→ TASK DESCRIPTION: Would you output all the lines below precisely as they stand, leaving each picture out?

→ DATASET SECTION:
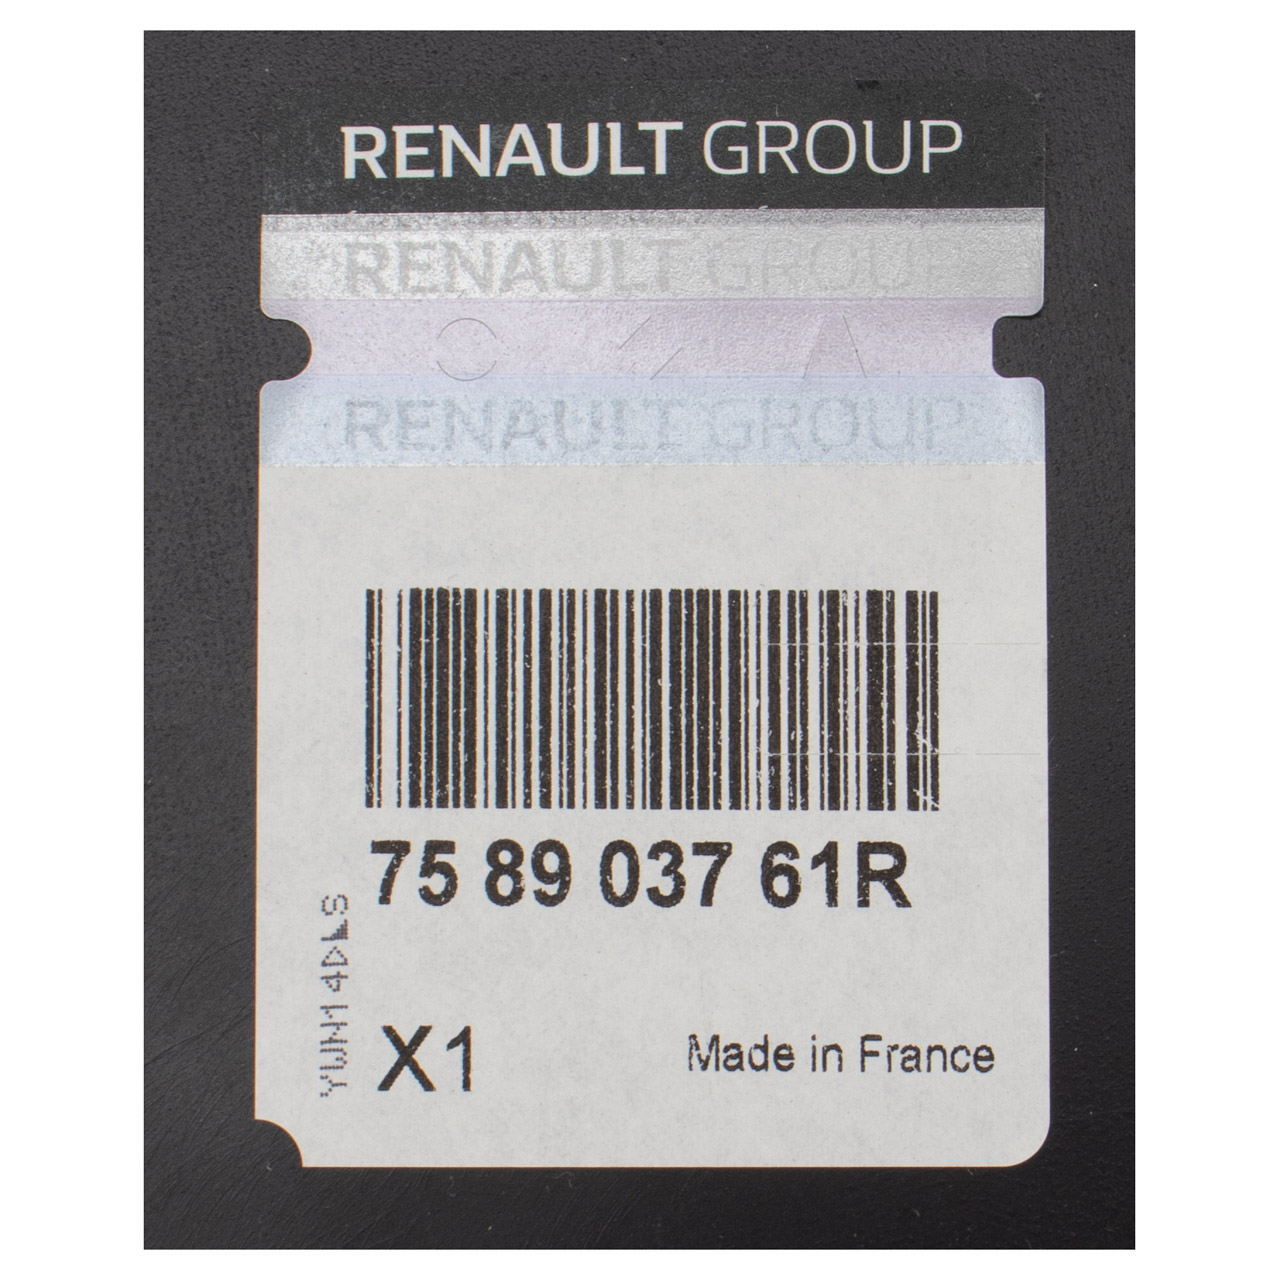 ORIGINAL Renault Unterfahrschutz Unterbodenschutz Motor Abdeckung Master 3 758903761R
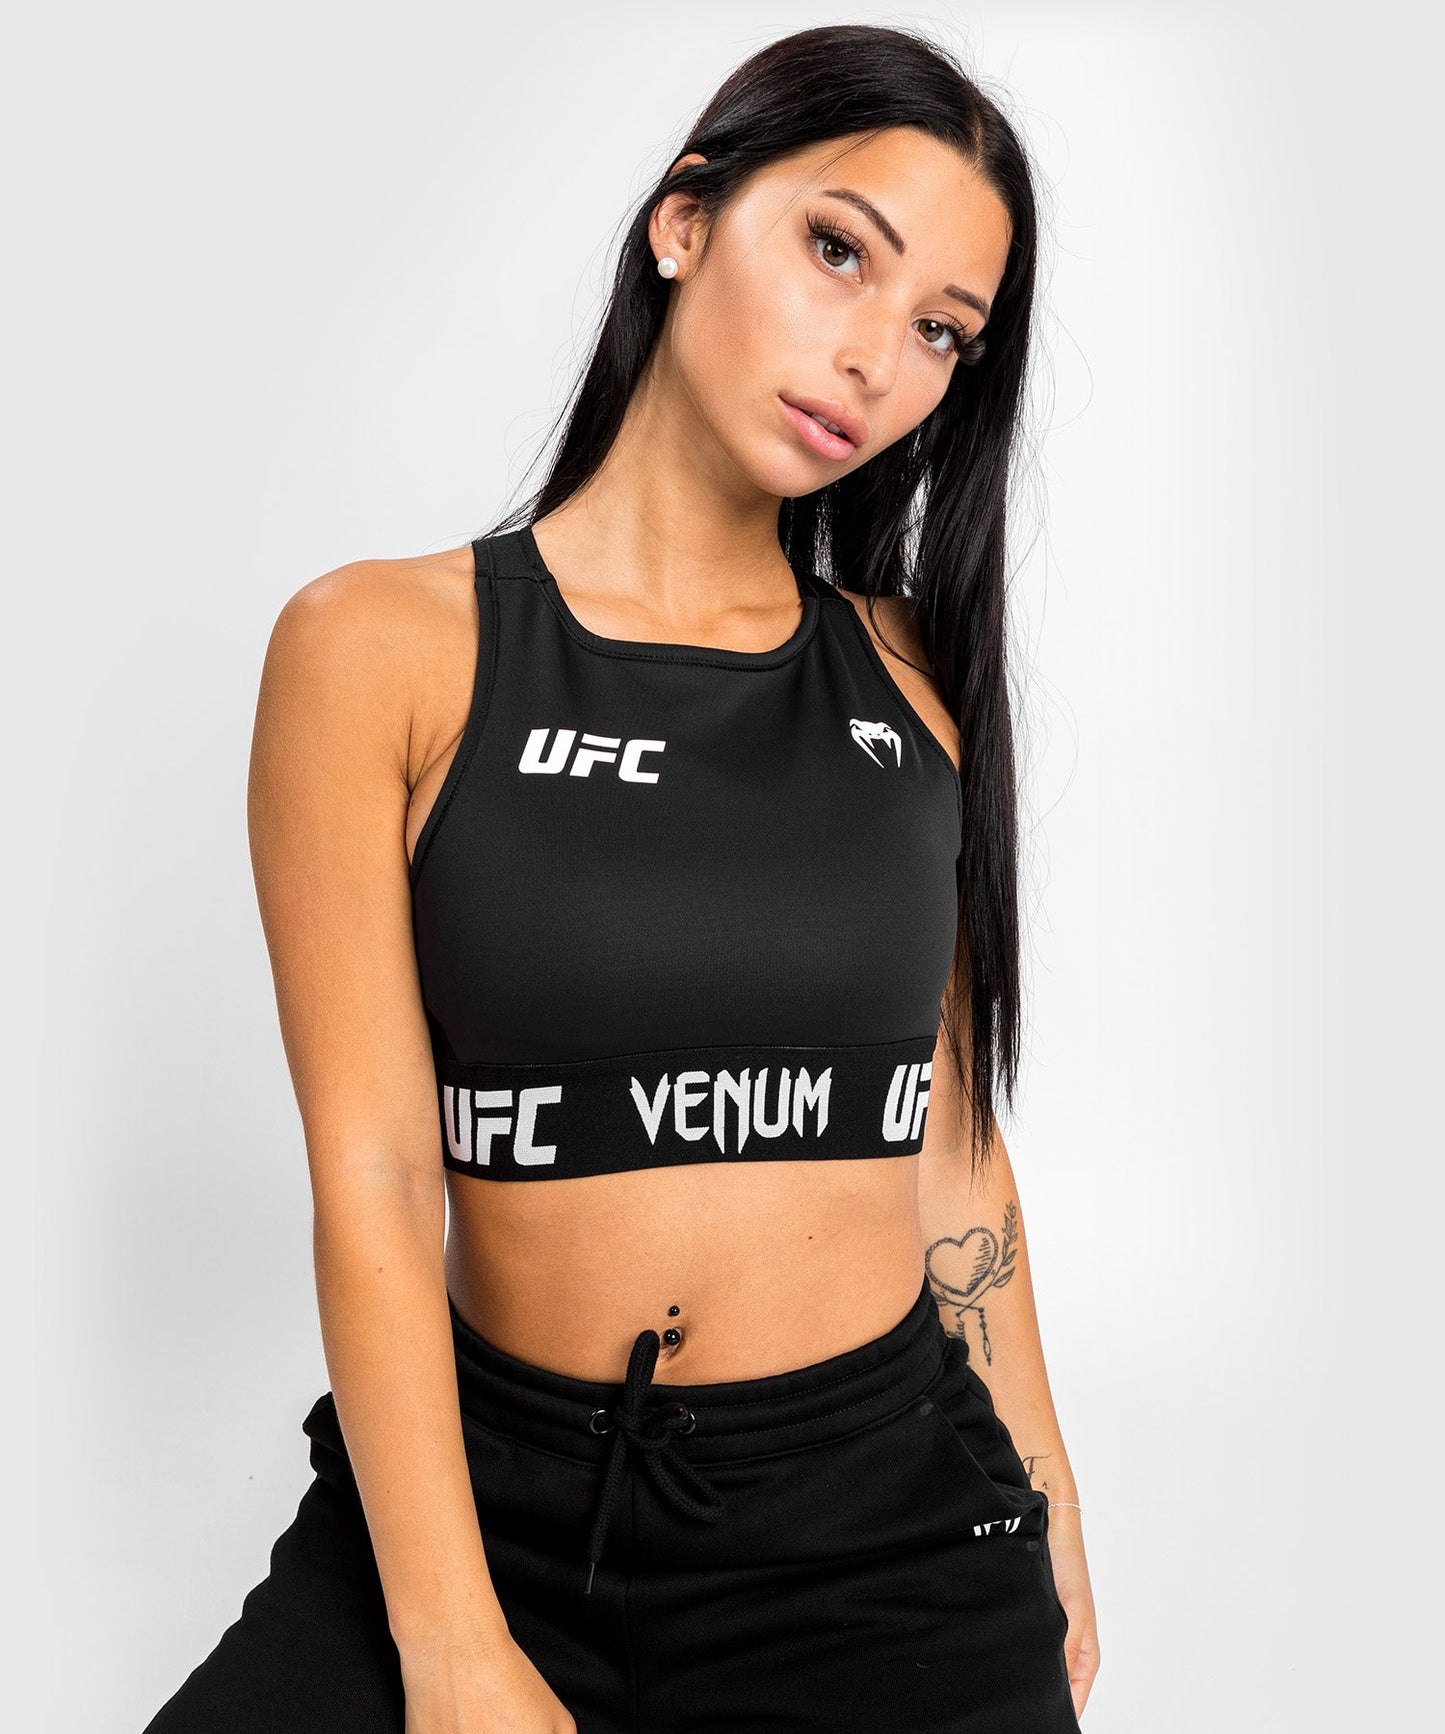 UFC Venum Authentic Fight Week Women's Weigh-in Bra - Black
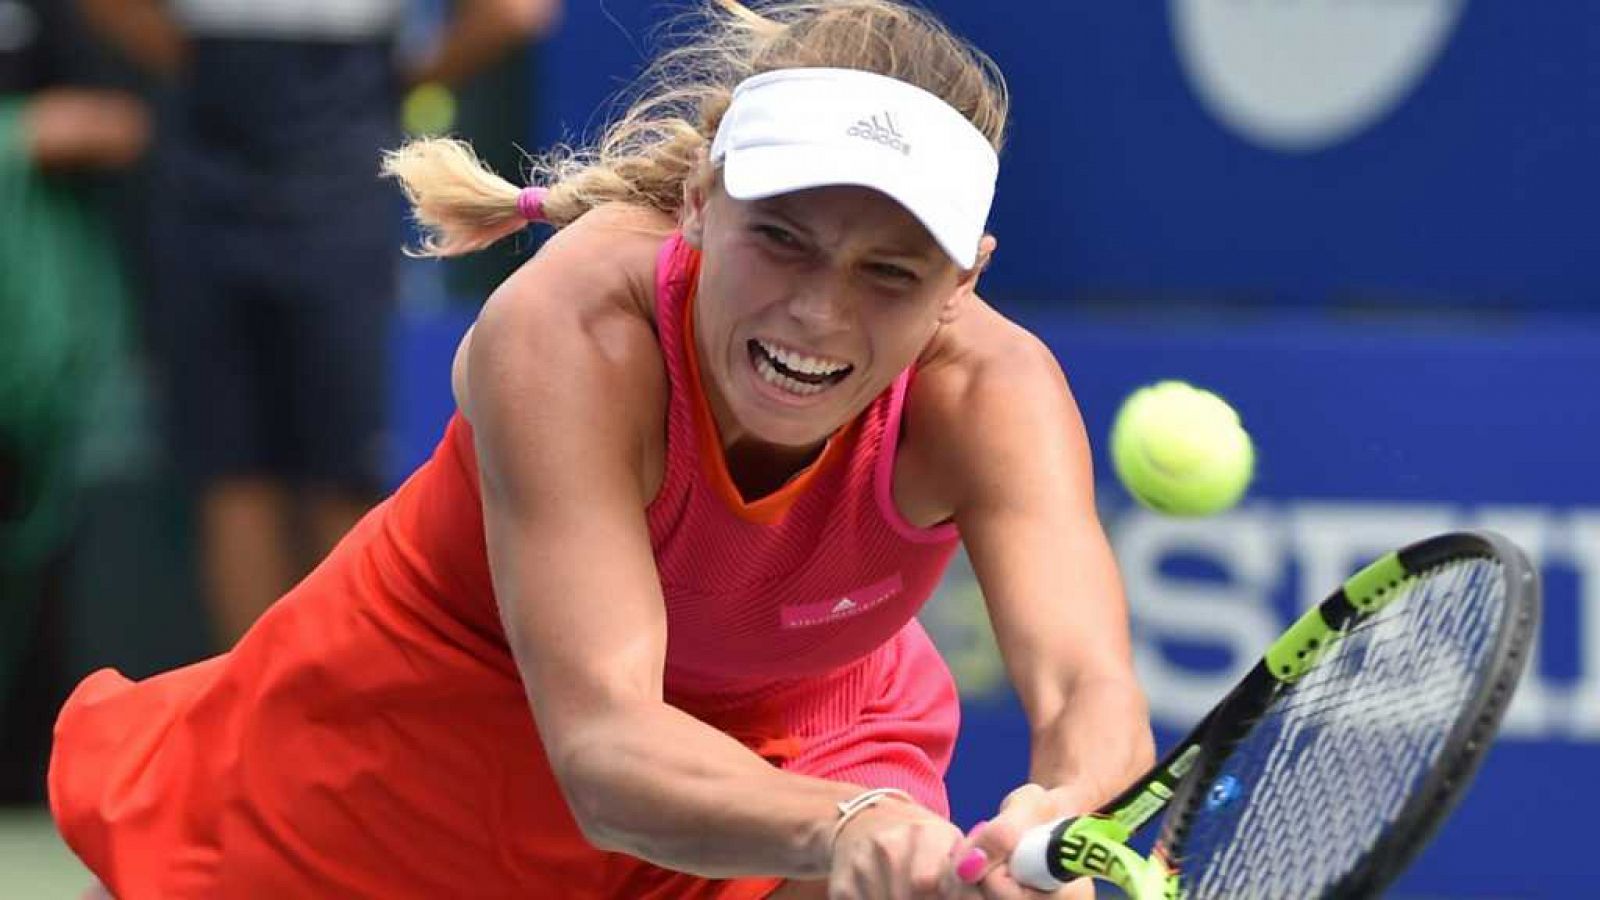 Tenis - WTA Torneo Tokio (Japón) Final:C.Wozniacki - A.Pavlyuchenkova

→ SOLUTION TO THIS PROBLEM:
 ORIGINAL Renault Unterfahrschutz Unterbodenschutz Motor Abdeckung Master 3 758903761R
 UFC Venum Authentic Fight Week Women's Weigh-in Bra - Black
 Tenis - WTA Torneo Tokio (Japón) Final:C.Wozniacki - A.Pavlyuchenkova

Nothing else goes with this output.